Film Review | Beasts Of The Southern Wild (2012)

Regardless of individual or popular opinion, Beasts Of The Southern Wild has its place in cinematic history set thanks to achieving the youngest nomination for a Best Actress Oscar at the 85th Academy Awards for its nine-year-old star Quvenzhané Wallis. It's a shame then that the performances of Wallis alongside co-star Dwight Henry are the only thing worth recommending in a film seriously lacking in substance or cohesion.

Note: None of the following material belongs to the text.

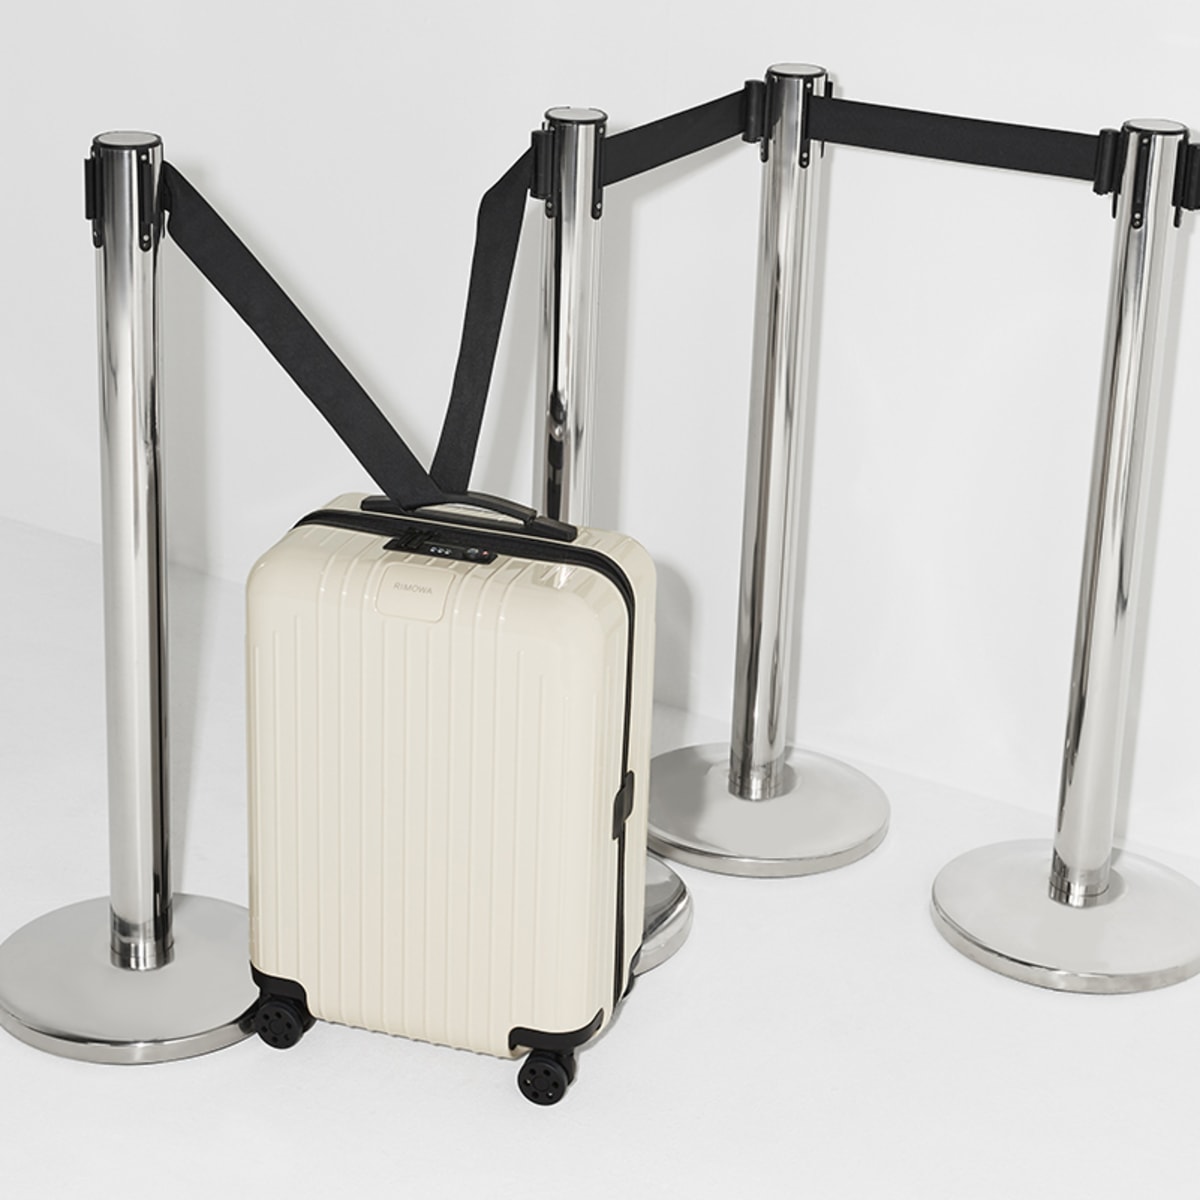 RIMOWA Enters Minimal Mode With New Ivory Beige Colorway - Airows

The film is at its strongest when Wallis and Henry share screen time on their own, both giving performances which play off each other pleasingly. Even though Wink (Henry) is regularly quite cruel to his five-year-old daughter Hushpuppy (Wallis), often without any real reason other than to take out his frustrations of their harsh living conditions, by the film's conclusion the pair have managed to craft a touching and unique relationship on screen. Disappointingly, the rest of Beasts Of The Southern Wild's cast of characters is either distractingly irritating or so fleetingly seen as to be severely lacking in depth. Either way you'll find yourself caring very little about anyone other than Hushpuppy and Wink.

The problems elsewhere are even less easy to forgive. The film takes place in a world seemingly set sometime in the relatively near future, but presented as equal parts stark realism and childlike fantasy. Both views bleed into each other through the viewpoint and narration we are given by Hushpuppy, but largely work to cancel each other out. Director Benh Zeitlin shows a knack for shooting nature at its harshest and most extreme, but the fantastical edge regularly applied to the film severely dulls any moralistic or environmental message he was going for. By the same token, the elements presumably happening in Hushpuppy's imagination lack vibrance and magic when presented through such a starkly grim lens. Elsewhere, Zeitlin's attempts at linking his film into a deeper mythology - such as a floating nightclub called "Elysian Fields" - feel like weak efforts to raise the film to a higher literary level and quickly fall flat.

Beasts Of The Southern Wild ultimately manages the feat of coming across as incredibly preachy whilst at the same time saying and being about nothing. Zeitlin's narrative is almost arrogantly haphazard, as if the director feels he is above a cohesive story, and his message feels sanctimonious without having a core set of beliefs to base itself around. Despite a running time of just an hour and a half, this drags. Zeitlin is lucky in that his film at least looks good, and that he has two talented actors in the lead roles. Without these two saving graces, maybe the Academy would have seen through the Emperor's new clothes in which Beasts Of The Southern Wild constantly wraps itself.